FAIR data interactions and digital twins
Mark Wharton, IOTICS’ co-founder & inventor, looks at how the ‘if’ statement could change the world
In plays and films, books and music there is often a key moment where everything in the story comes together. Software and data engineers know these moments, when after days of work you get everything together, your code and your data, so you can finally write and run the ‘if’ statement. An “if” statement such as – if river.level > X and rainfall.forecast > Y, and then….
When it comes to rainfall and rivers, the ‘then’ part could involve millions of pounds of damage, weeks of transport disruption and possible loss of life.
The ‘if’ statement is a kind of data interaction. A computer algorithm brings two pieces of data together so they can be compared, and some insight gained. But what those pieces of data are and how they get to the “if” statement is more complex than you might think.
There’s no search engine for data: not publicly and rarely within enterprises. There are attempts at searchability such as data.gov.uk, but they are intended for people, not algorithms. It’s said that data scientists spend at least 50% of their time looking for data rather than looking at data. This epic waste of time is because data is hidden, deliberately or unintentionally, in silos, in datasets, behind APIs or in program-unfriendly formats, such as PDF. This is not findable by machines, but what if it was?
The challenges of access and interoperability are, invariably, linked. A computer may be able to find some data, but can’t understand it. To interoperate with data, it would help if the data had some metadata – indicating that the river level was measured in metres, or that rainfall was measured in millimetres, for example. We now able to Find, Access and Interoperate and the data interaction in the “if” statement is Re-using that data for a new purpose.
These four aspects are the building blocks of the FAIR data principles, conceived by a consortium of leading scientists and organisations to ensure that scientific data sets could be found and used by machines, with minimal human intervention. FAIR stands for Findable, Accessible, Interoperable and Reusable – and it’s going mainstream.
In a FAIR world, computers can find and understand data, but we still can’t program them with that “if” statement when the data is in large datasets. In our flooding scenario, what our algorithm also needs is the river level at a specific location and the rainfall forecast at a different location, probably well upstream from the place where the flood is likely to occur. So, even if our algorithm can find the right dataset, it still needs to know how to run a query against the dataset to find the data it wants.
The granularity of the data is important – channelling the right data at the right time from source to consumer. That’s where digital twins come in. Digital twins are a virtualisation of an asset’s data. The asset itself is a useful level of granularity here. An algorithm needs to choose the appropriate rainfall forecasts and required river levels. Metadata about the assets beyond their location provides essential context. Knowing who operated the asset, who maintained it, would help the algorithm to assign weight to the readings if some operators’ data proved more reliable and accurate than others. Having provenance of the data as actually coming from that twin and the twin really being the one operated by the Environment Agency, for example, builds trust in the output of the algorithm. The exchange of metadata between twins to establish trust and access is our second data interaction.
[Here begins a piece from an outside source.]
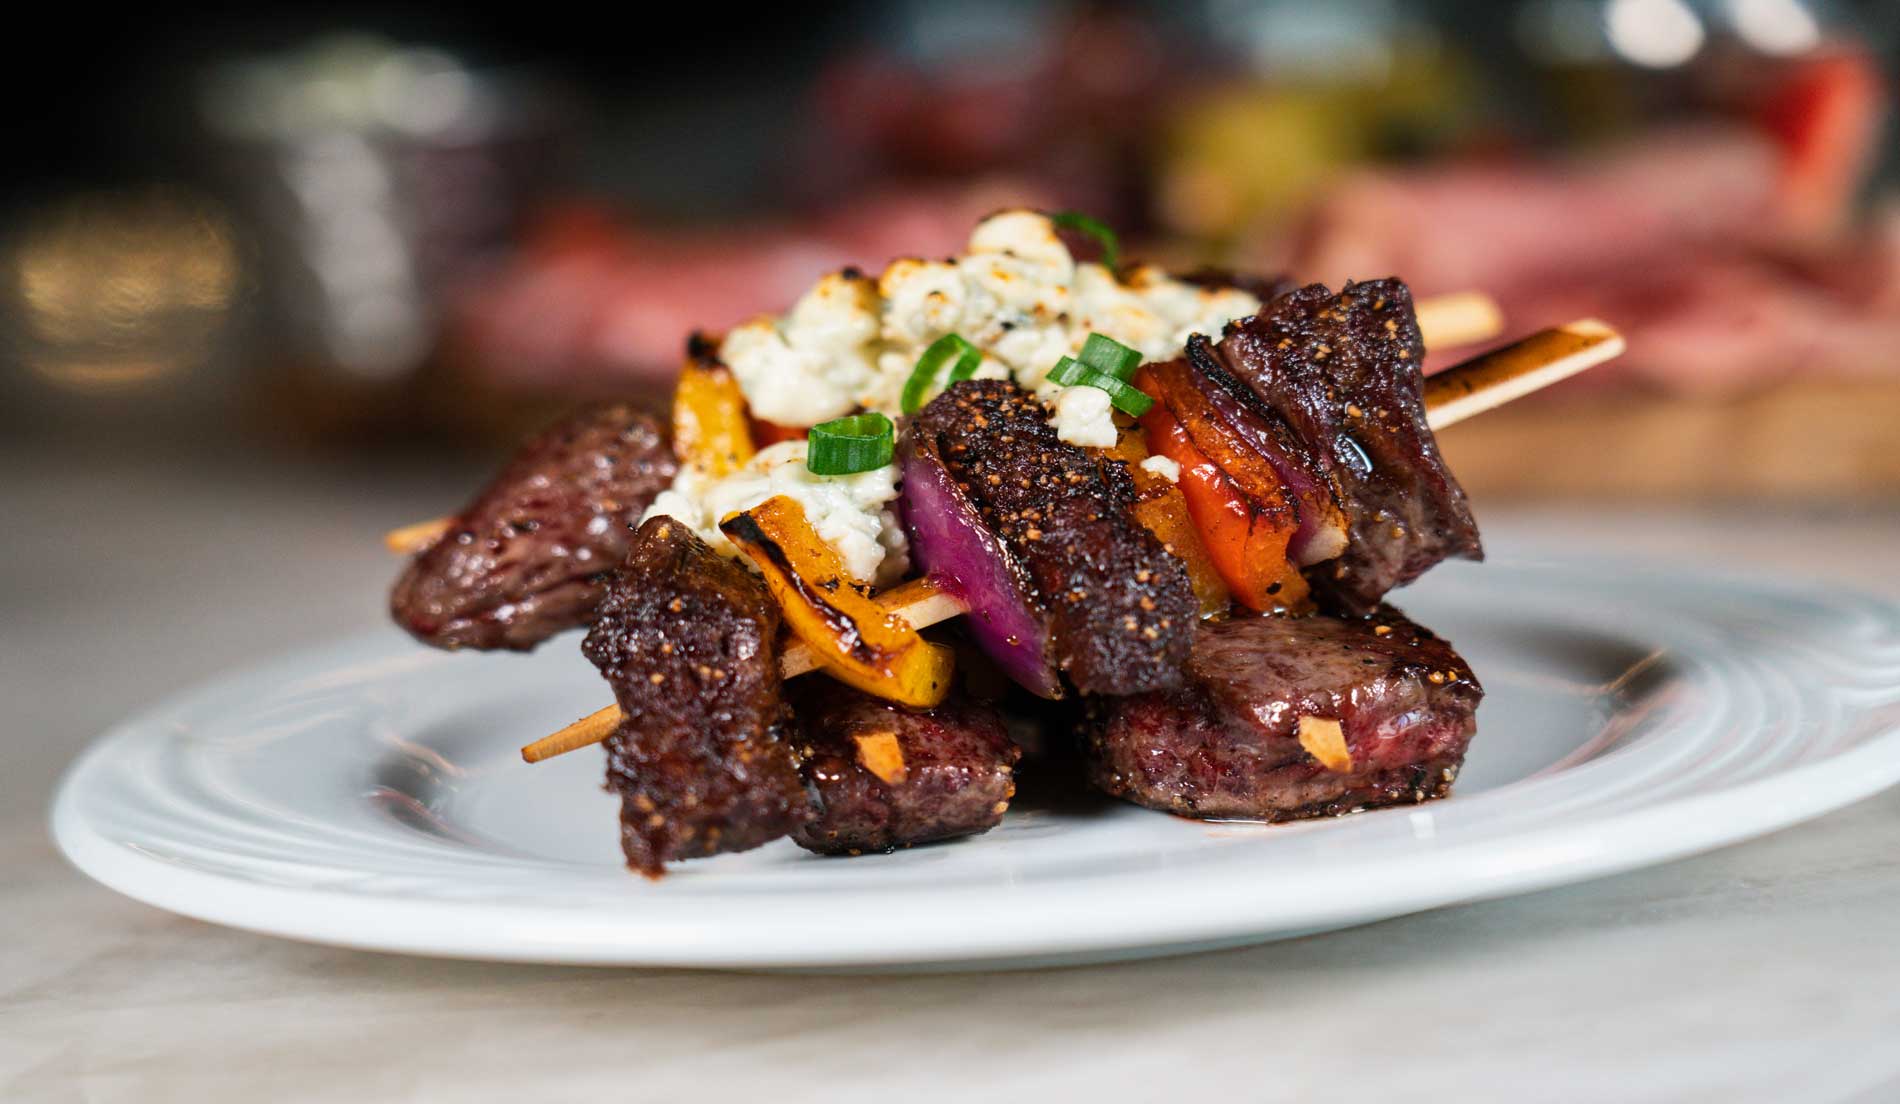 Dine on USDA Prime Aged Beef Kabobs at our Bar Tasting Event in College Station TX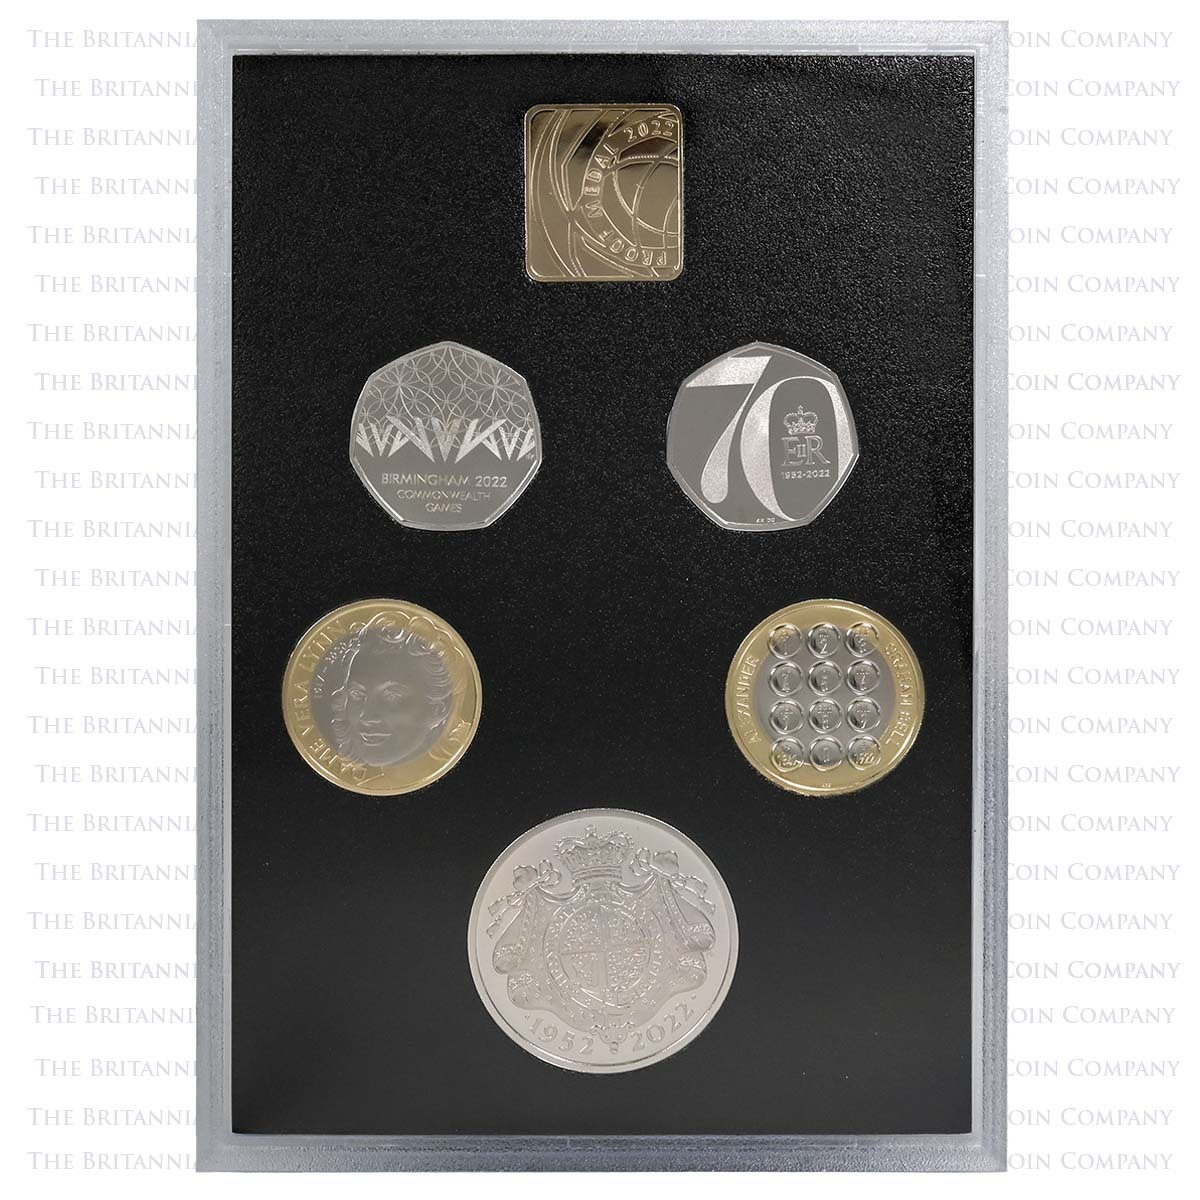 D22COLL 2022 Annual 13 Coin Collectors Proof Set Platinum Jubilee Commemorative

The final step to get to the ‘if’ statements that can change the world is timeliness. Homeowners won’t appreciate being told on Wednesday that a flood would occur on Tuesday when their houses are already knee-deep in muddy water. The data needs to flow between the twins and the algorithm as close to real time as possible so that the predictions are available in a timely way. This is not just important in our flooding scenario; it’s important in business, where latency between something happening and the business reacting to it can, and frequently does, cost millions.
We have reached a point where we have an algorithm running, exchanging data with digital twins. But what does the algorithm do in the ‘then’ part of the ‘if’ equation? Create a warning on a dashboard? Update a database? Send an email? What if it could share the data back with other digital twins, or create new twins of the likely flood locations and have them share into a growing ecosystem of cooperative twins?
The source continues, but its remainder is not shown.